Acknowledgments Page

In [8]:
import numpy as np
import pandas as pd
import matplotlib.pyplot as plt
%matplotlib inline
import seaborn as sns
import itertools
from mpl_toolkits.mplot3d import Axes3D
In [9]:
# Big font helper
def adjust_fontsize(size=None):
    SMALL_SIZE = 8
    MEDIUM_SIZE = 10
    BIGGER_SIZE = 12
    if size != None:
        SMALL_SIZE = MEDIUM_SIZE = BIGGER_SIZE = size

    plt.rc('font', size=SMALL_SIZE)          # controls default text sizes
    plt.rc('axes', titlesize=SMALL_SIZE)     # fontsize of the axes title
    plt.rc('axes', labelsize=MEDIUM_SIZE)    # fontsize of the x and y labels
    plt.rc('xtick', labelsize=SMALL_SIZE)    # fontsize of the tick labels
    plt.rc('ytick', labelsize=SMALL_SIZE)    # fontsize of the tick labels
    plt.rc('legend', fontsize=SMALL_SIZE)    # legend fontsize
    plt.rc('figure', titlesize=BIGGER_SIZE)  # fontsize of the figure title

🦭 Dugongs Part 1: Comparing Two Different Models, Both Fit with MSE¶

In [10]:
dugongs = pd.read_csv("data/dugongs.csv")
display(dugongs.head())

data_constant = dugongs["Age"]
data_linear = dugongs[["Length", "Age"]]
Length Age
0 1.77 1.5
1 1.80 1.0
2 1.85 1.5
3 1.87 1.5
4 2.02 2.5

🎢 Loss Surfaces¶

The average loss of the constant model using L2 loss (i.e., squared loss) is

$$ \Large \hat{R}(\theta_0) = \frac{1}{n}\sum_{i=1}^n (y_i - \theta_0)^2 $$

In [11]:
plt.style.use('default') # Revert style to default mpl
adjust_fontsize(size=16)
%matplotlib inline

# Calculates the MSE for a constant model given some value of theta
def mse_constant(theta, data):
    return np.mean(np.array([(y_obs - theta) ** 2 for y_obs in data]), axis=0)

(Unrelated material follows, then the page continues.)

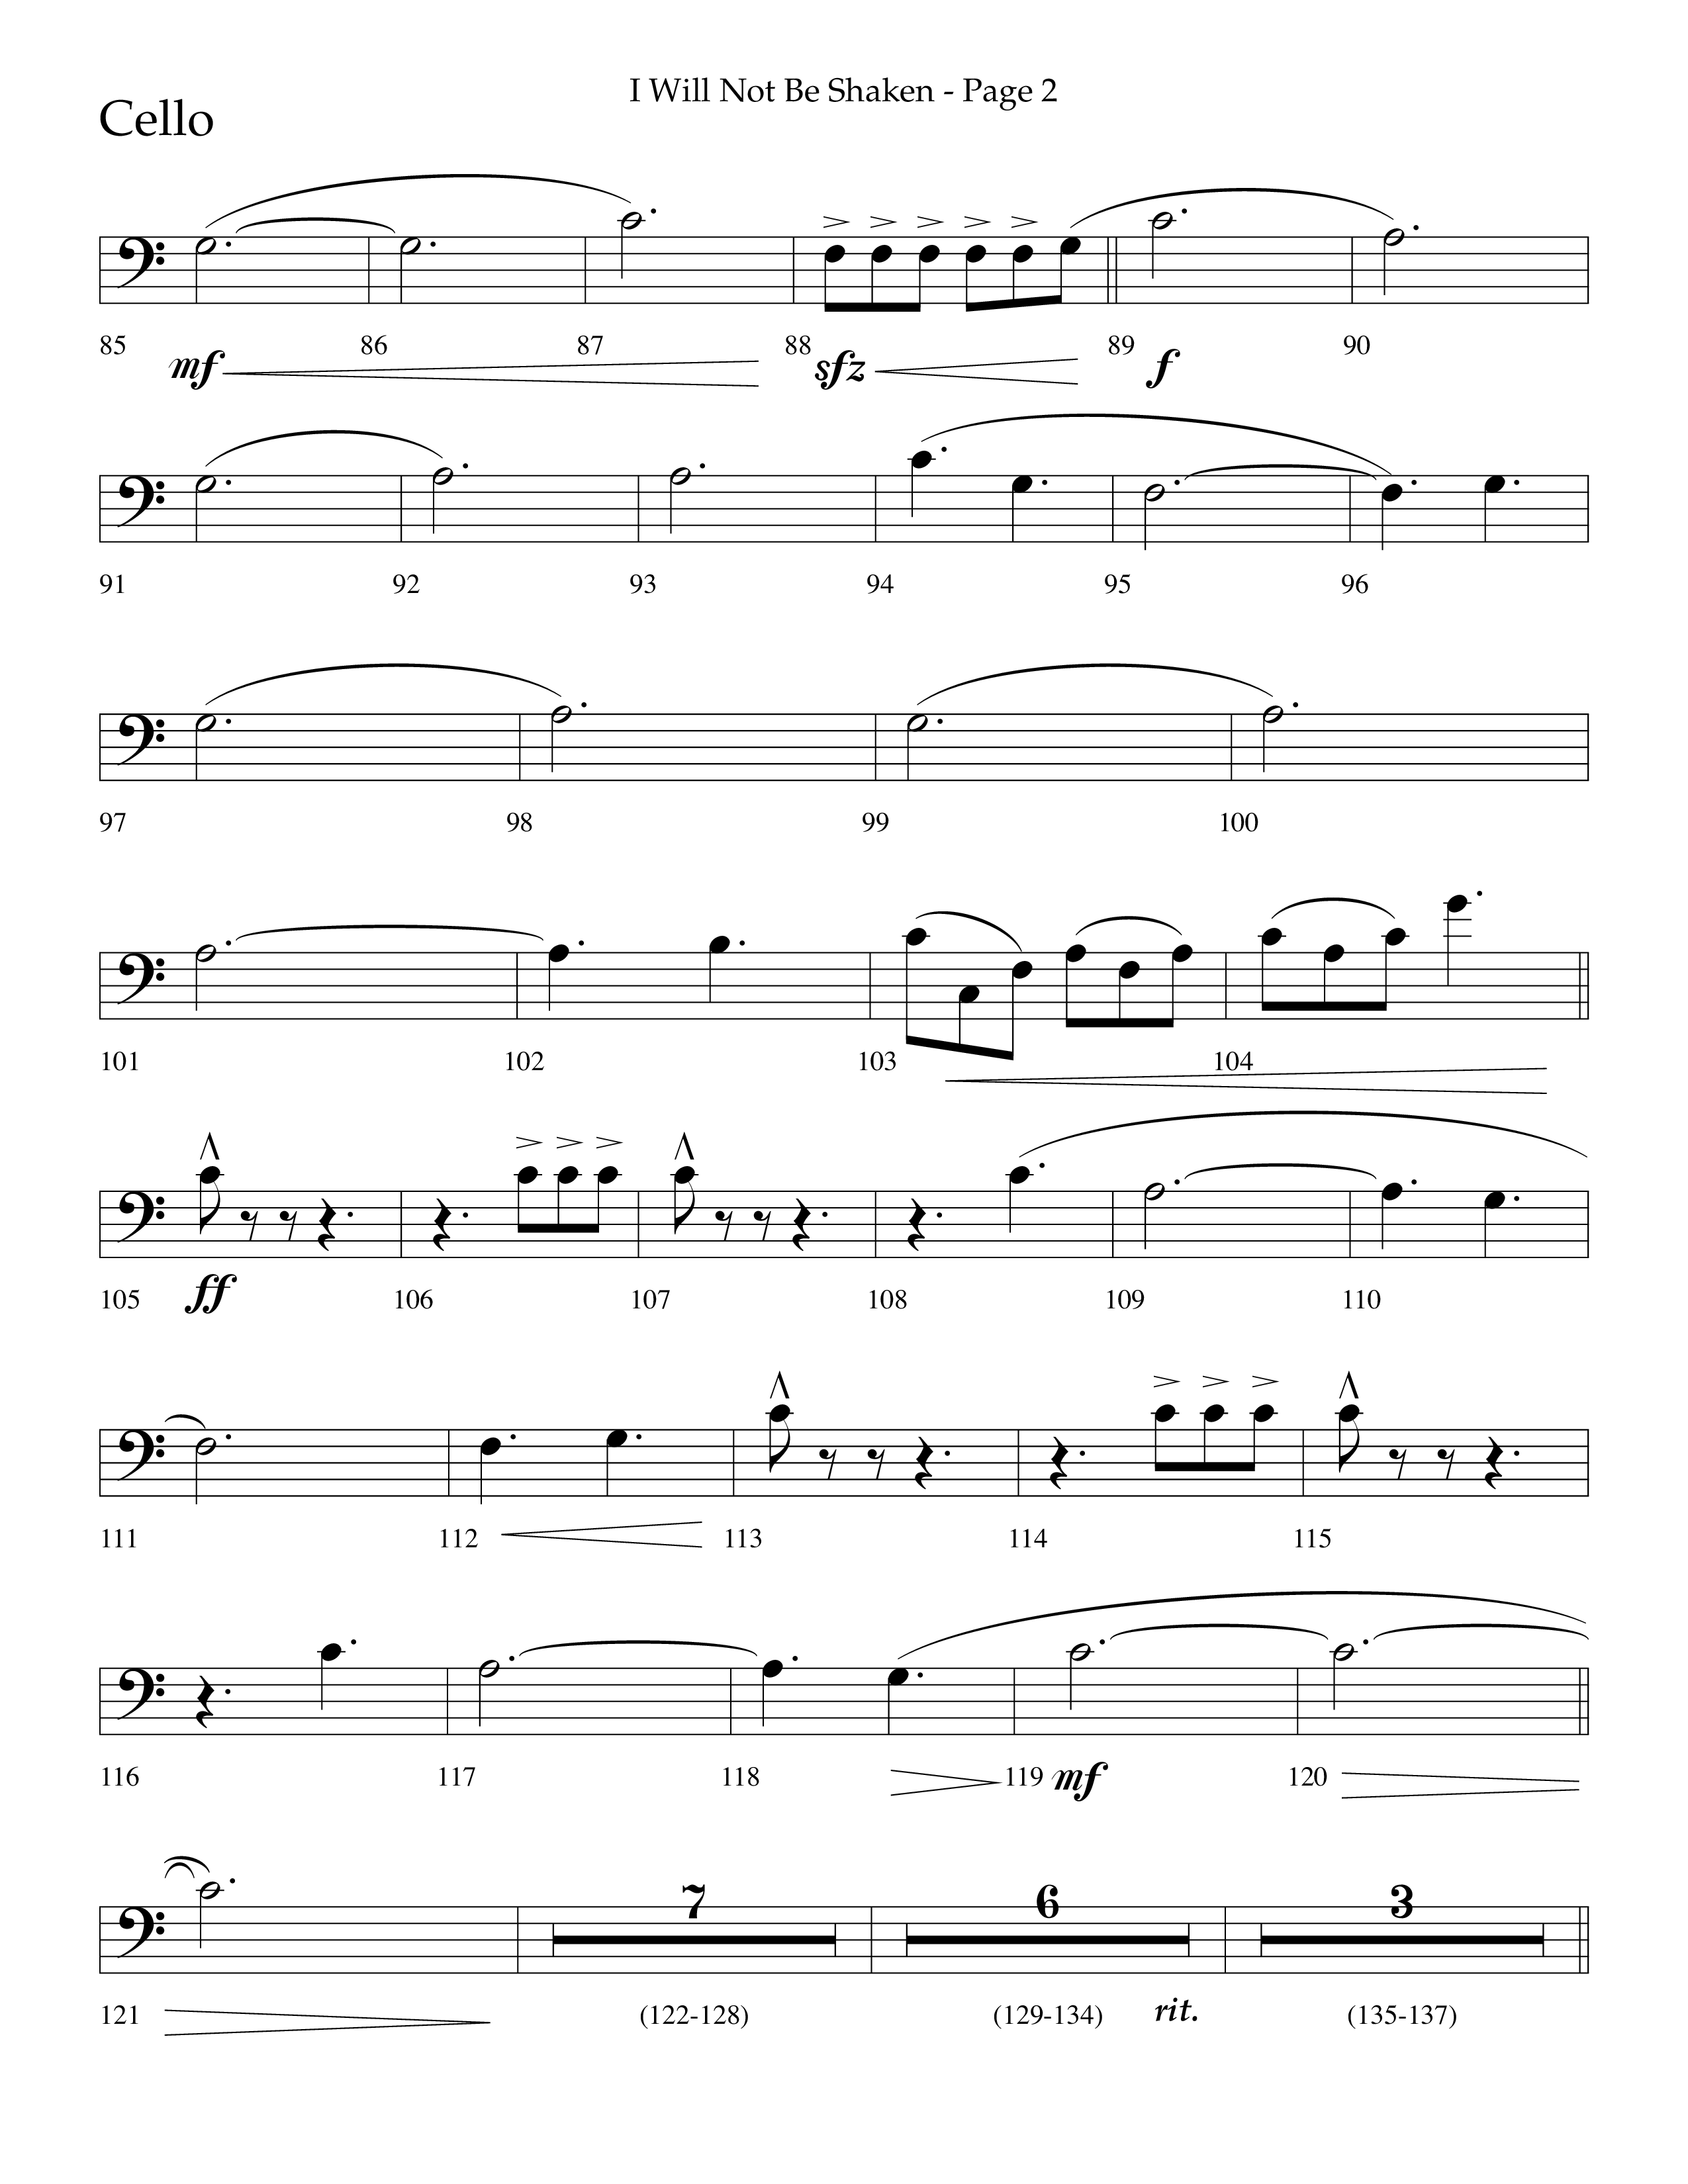 I Will Not Be Shaken (Choral Anthem SATB) Cello (Lifeway Choral / Arr. Cliff Duren)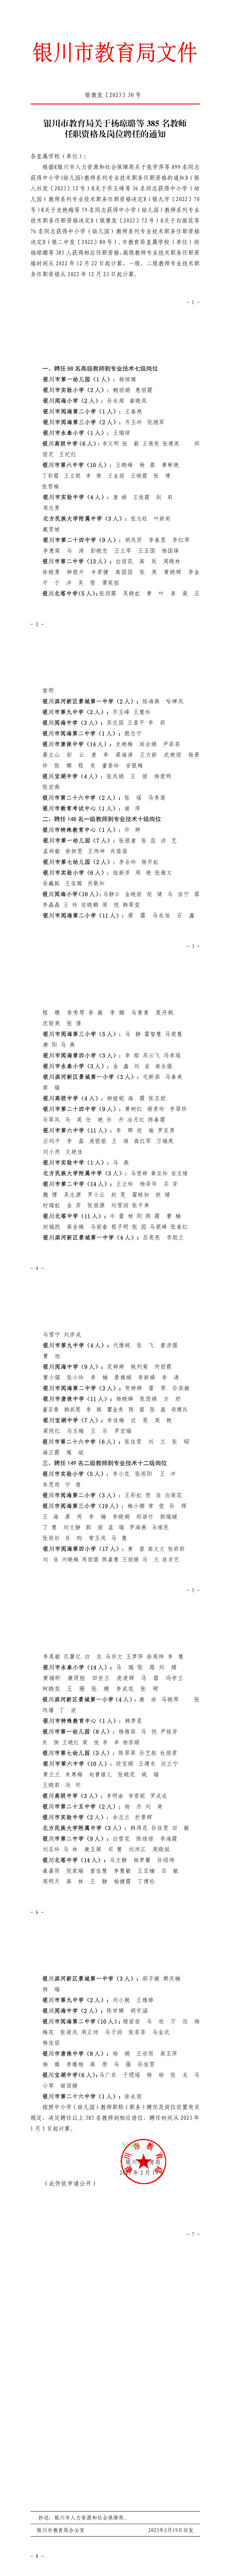 2022年银川市教育局关于杨琼璐等385名教师任职资格及岗位聘任的通知_00.jpg

# Set up a range of theta values and calculate the MSE for each
thetas = np.linspace(-20, 42, 1000)
l2_loss_thetas = mse_constant(thetas, data_constant)

# Plot the MSE as a function of the thetas
plt.plot(thetas, l2_loss_thetas)
plt.xlabel(r'$\theta_0$')
plt.ylabel(r'MSE')

# Optimal point
thetahat = np.mean(data_constant)
plt.scatter([thetahat], [mse_constant(thetahat, data_constant)], s=50, label = r"$\hat{\theta}_0$")
plt.legend()
# plt.savefig('mse_constant_loss.png', bbox_inches = 'tight');
plt.show()
No description has been provided for this image

The average loss for the SLR model using L2 loss is the following:

$$ \Large \hat{R}(\theta_0, \theta_1) = \frac{1}{n}\sum_{i=1}^n (y_i - (\theta_0 + \theta_1x))^2 $$

Note: Unlike the average loss of the constant model, which has one input, the average loss of SLR has two inputs!

In [12]:
# Run this cell to see a 3D visualization of the loss surface
import itertools
import plotly.graph_objects as go

# Calculates the MSE for a linear model given some values of theta_0 and theta_1
def mse_linear(theta_0, theta_1, data_linear):
    data_x, data_y = data_linear.iloc[:,0], data_linear.iloc[:,1]
    return np.mean(np.array([(y - (theta_0+theta_1*x)) ** 2 for x, y in zip(data_x, data_y)]), axis=0)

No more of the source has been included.